Now, this is a very good start, but the idea is to generate terrain similar to real life (as close as I can get at least). Rivers and lakes would be nice to have, but that's way ahead in the schedule, right now I would like some help understanding 2 things.

Let's say that in my image, black is water and grey is land this is quite unlike the earth's shores. On earth continents are large masses of land and if they are cut by watter, it's usually on large areas (Imagine the Mexican gulf or the Mediterranean sea). However my image has a lot of narrow elongated "peninsulas" with patches of water around it. Due to the nature of Perlin noise (the square grid with the underlying random vector field) I am not sure how to create those large clusters of land and water.

The other problem is vertical, if we see the grey scale as a height map, these islands are too odd. In real life one would have large sections of flat land with elongated mountain ranges cutting through.

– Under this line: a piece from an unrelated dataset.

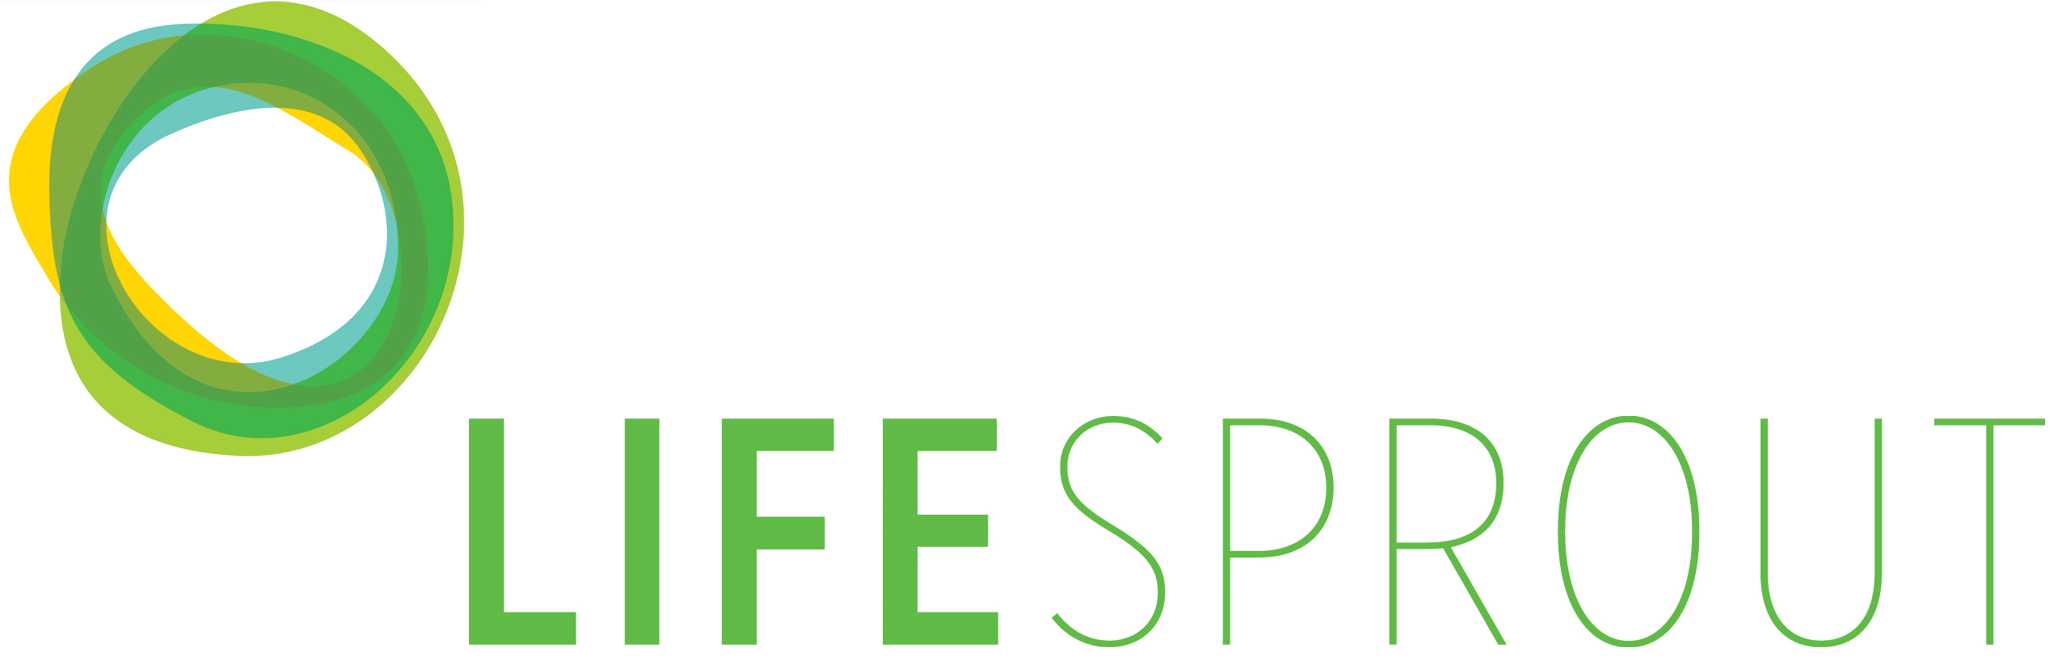 LifeSprout logo

Some options that I have considered are, changing the smoothing/fade function in the improved Perlin noise algorithm for one that extends over multiple squares in the grid, but this adds too much computational complexity. I have also considered changing the vector field generation from pseudo random to one that follows a pattern, but this doesn't seem like it would actually solve the problem given that Perlin noise, as is, doesn't seem able to generate large consistent clusters.

Edit:

I know about octaves, but they have their limitations, re-sampling perlin noise at different frequencies and amplitudes does change the terrain generation and ca give you some good results: enter image description here

But even this has issues. For example if I want smooth hills I loose jaggy shores, same as if I try to create more valleys. And doing this also reduces the likelihood of generating islands in the middle of the bodies of water, moreover in terms of topography, the mountains look chaotic, they don't really from mountain ranges, they rather spread semi-chaoticly, which is not exactly what I need.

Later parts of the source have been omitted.